There are several initial issues with this view that critics raise. Bethany Sollereder points out two potential problems with the view. Firstly, how can God’s creation be called very good if it is corrupted by demonic opposition?[55] Secondly, she argues that the position lacks Biblical support and that the Bible says that predators are included in God’s very good creation as one part of God’s masterpiece.[56] She uses different examples from Job 38:39-41, 41:25; Genesis 1:21; and Psalm 104:21-26, 146:6 to show that these creatures are part of God’s good creation and are not the result of demonic forces.[57] C John Collins shares the conclusion of Bethany’s exegesis of Psalm 104 when he writes, “Even more, this is not simply a reflection of the Genesis account as an event; rather, it celebrates the way that this created order still continues in human experience.”[58] Ronald Osborn offers other criticisms by stating:
while we should not be quick to dismiss the idea of nonhuman rebellious powers sowing destruction in the cosmos over long periods of evolutionary history… the theodicy problem remains very much unresolved since there is no clear answer to the question of how these dark forces originated and why God should have permitted them to wreak such havoc for so long.[59]
The final problem this view suffers from is that angels and demons are supernatural beings whose existence cannot be definitively proven, and any argument that can be used to justify their existence has a possible naturalistic counter to it.
There are, however, potential answers to these criticisms. Firstly, to Sollereder’s point, very good does not mean perfect or without defect or flaw as noted already. It probably refers to the ordering of the world which is in a non-ordered and chaotic state.[60] Terence Frethem also makes the point that good does not mean that God is done with creation once it comes into being.[61] He goes on to argue that, “The command to ‘subdue’ assumes that the earth was not fully developed, that there was not a once-for-all givenness to the creation at the end of the seventh day.”[62] In fact the task of subduing could be considered dangerous, since it is used elsewhere in Scripture to describe warlike conquest.[63] Also, Genesis 1 does not mention predation as part of the ordering God undertakes, but it does mention God providing vegetation for food as good. Natural disasters are also not mentioned as part of the ordering God is doing. While the text certainly assumes that predators are part of the created order and fulfill the good purposes of God as far as filling their respective domains, the text does not indicate that their predatory nature towards other animals is intended by God. Other texts, such as Psalm 104:21-26 and Job 38:39-41, provide a much stronger case that the predatory nature of animals are part of God’s good creation. However, even these texts could be understood from a cosmic fall lens. Scripture affirms, for example, that all of humanity has sinned and fallen short of God’s glory (Rom 3:23), and that sin is alien to God’s intended purposes for humanity, however humanity is still a creation of God and made in the image of God (Genesis 1:26). In Matthew 19:8, Christ affirms that God allows divorce because of humanity’s sinfulness which means God accommodates humanity’s fallen state. Why would God not do the same for predatory animals who have been corrupted by demonic forces, especially since their existence is on the line? These texts, therefore, could be examples of God accommodating the predatory nature of his corrupted creation. There are also several texts that imply that demonic forces are real, rebelling against God, hold the power of death, and are the forces whose influence Jesus came to vanquish.[64] Scripture seems to affirm, then, that demonic influence is real and that God is combating it in the world.

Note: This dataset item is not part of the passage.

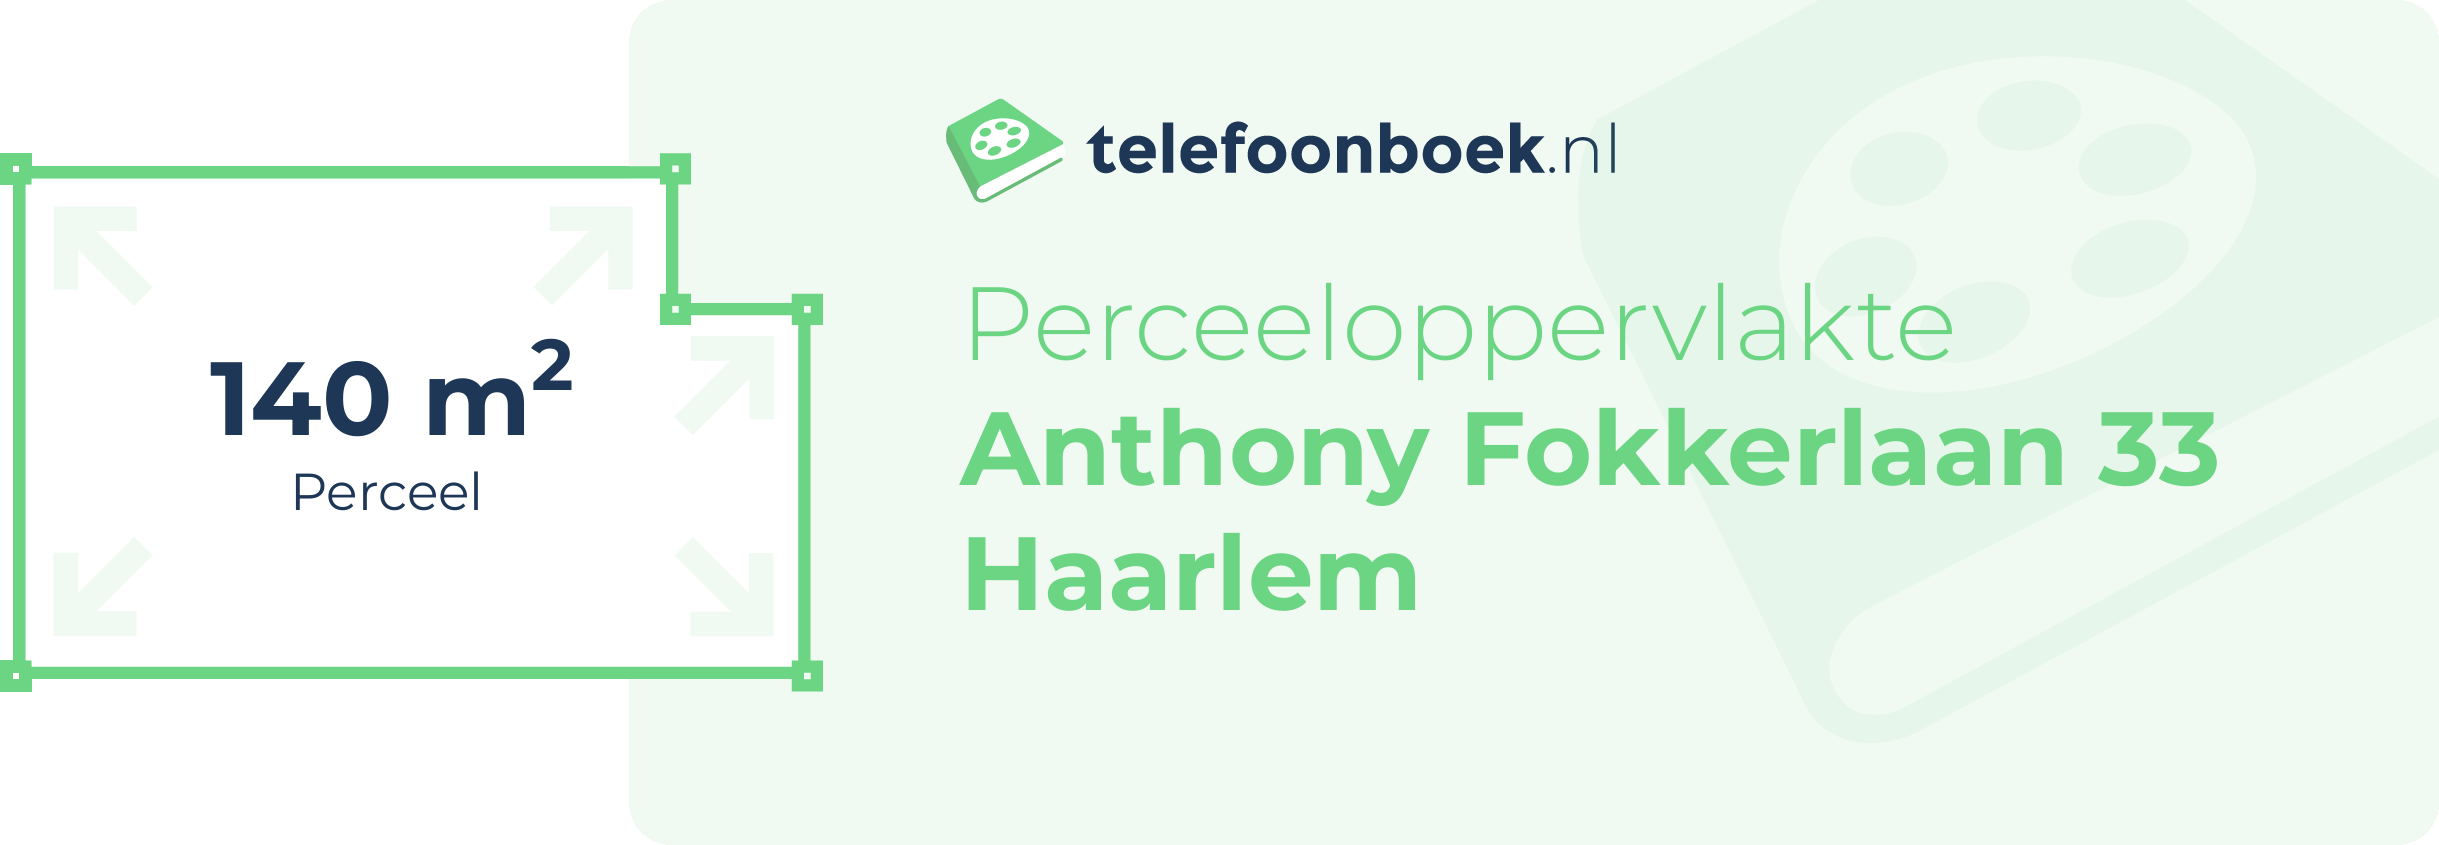 Perceeloppervlakte Anthony Fokkerlaan 33 Haarlem

Osborn’s criticisms are harder to deal with. While it is impossible to know why, how, or when Satan and his angels rebelled against God, this does not negate the argument set forward in this defense. His second criticism, however, does deal a blow to this argument if there is no satisfactory answer to it. Why would God allow Satan and his demons to wreak havoc on both the natural and human world for so long? Humanity limits the free will of agents in order to stop greater destruction they might cause once they have already made decisions to do great harm. Why does God not do the same?
There seems to be a couple of possible answers to such a question. The first possible answer is that God tolerates the destructive influence of such agents because he either knows with certainty or hopes that they will be won over by his everlasting love and repent of their evil. This view, associated with Christian universalism, is one that has held support not only in the modern era but also among ancient church theologians and fathers such as Origen and Gregory of Nyssa.[65] Another possibility is that God cannot immediately terminate their free will or existence and revoke an agent’s self-determination due to creating a world where creatures can exercise great love or great harm. According to Greg Boyd, “Once God gives the gift of self-determination, he has to, within limits, endure its misuse.”[66] He goes on to say that, “The extent to which God must tolerate this, it seems, depends on the potential he originally gave to the agent… The more that is risked, the more that can be gained and lost.”[67] Boyd maintains that it is a necessary consequence of God’s choice to give free will that within their capacity for self-determination that there be an irrevocable potential for great love and/or great harm, which God must let play out once he gives them this freedom.[68] This implies that God will, eventually, terminate their free will and their influence. A final proposal that will be fleshed out later is that God cannot stop the destruction and evil these beings bring on creation single-handedly.[69] Finally, regarding the problem of angelic existence, it is important to note that this defense assumes the truth of a Christian worldview which already affirms belief in the supernatural. It is meant to show that Christianity could internally make sense of gratuitous evil.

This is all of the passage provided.